→ INSTRUCTIONS TO FOLLOW: What you return must be the full listing, word for word, with no images in it.

→ INFORMATION SHOWN:
============================================================

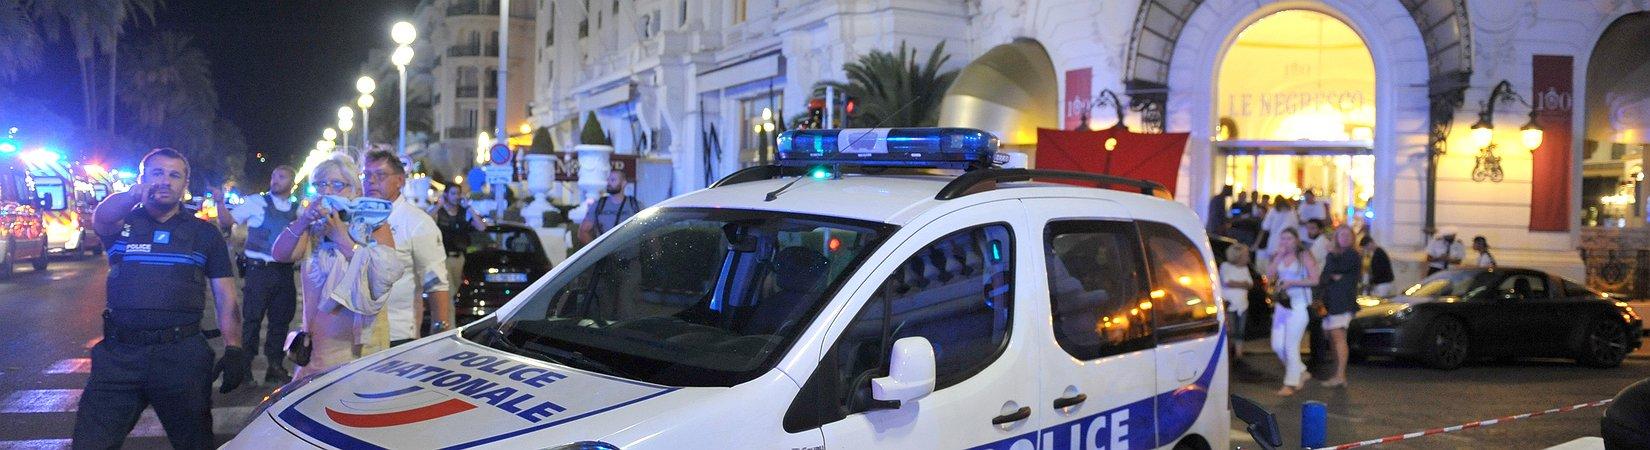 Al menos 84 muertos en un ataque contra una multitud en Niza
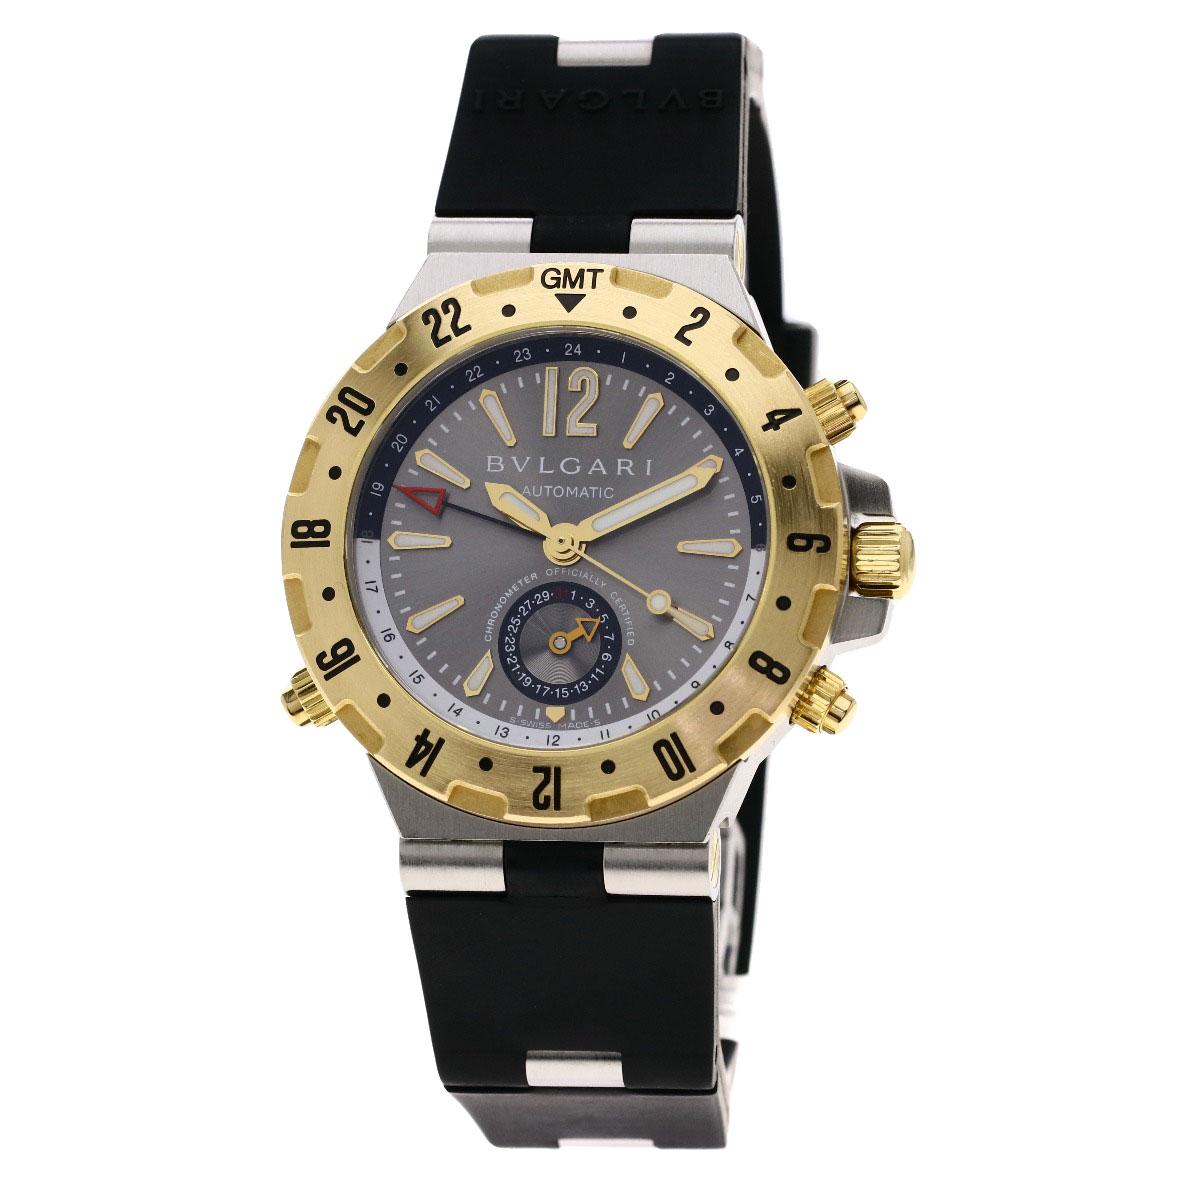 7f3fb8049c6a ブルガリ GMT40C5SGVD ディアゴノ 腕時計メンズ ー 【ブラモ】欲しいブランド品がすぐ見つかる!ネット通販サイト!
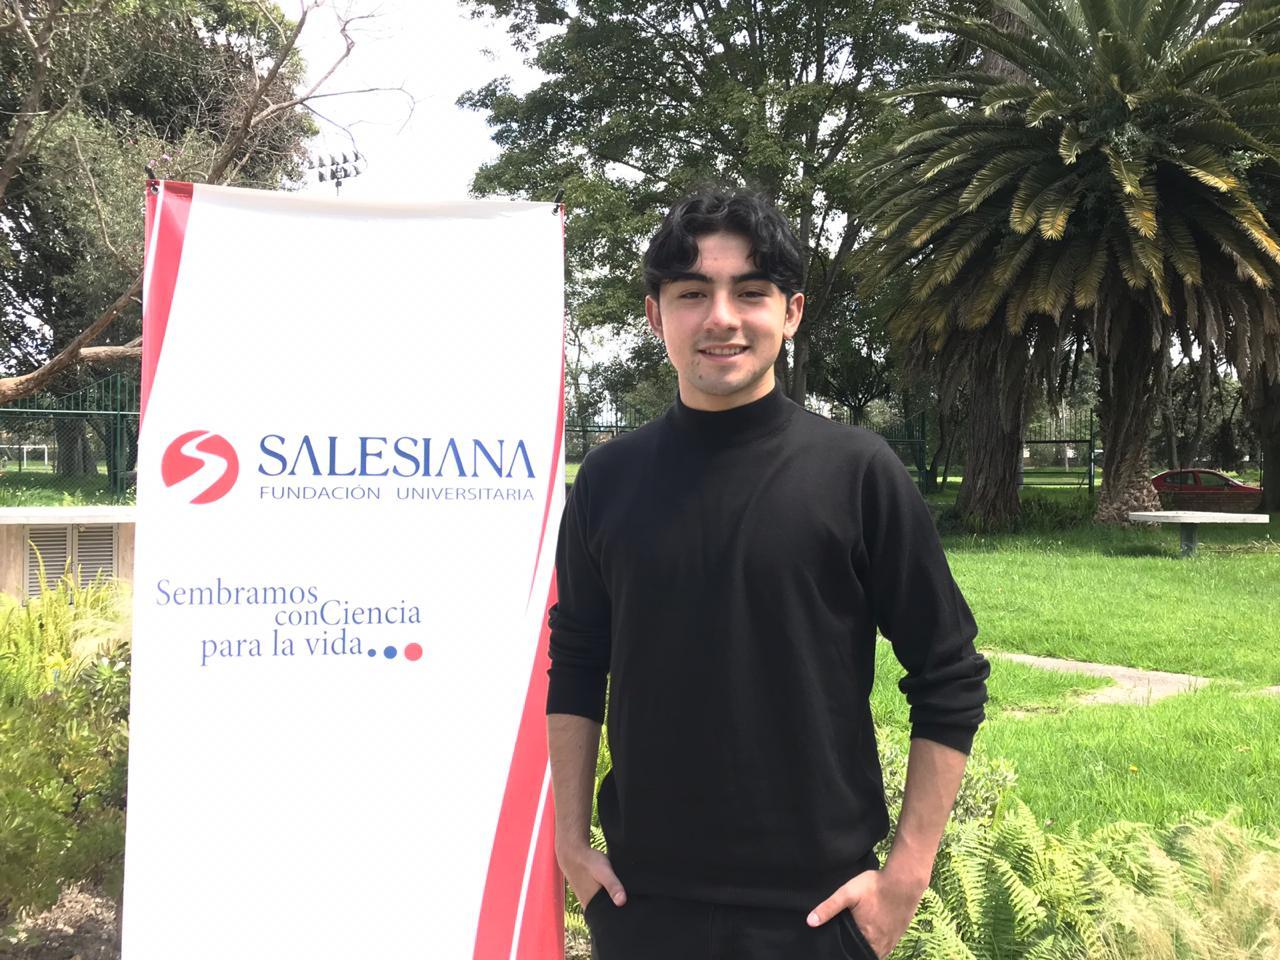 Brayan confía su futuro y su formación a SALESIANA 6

============================================================

→ TASK RESPONSE:
 Al menos 84 muertos en un ataque contra una multitud en Niza
 7f3fb8049c6a ブルガリ GMT40C5SGVD ディアゴノ 腕時計メンズ ー 【ブラモ】欲しいブランド品がすぐ見つかる!ネット通販サイト!
 Brayan confía su futuro y su formación a SALESIANA 6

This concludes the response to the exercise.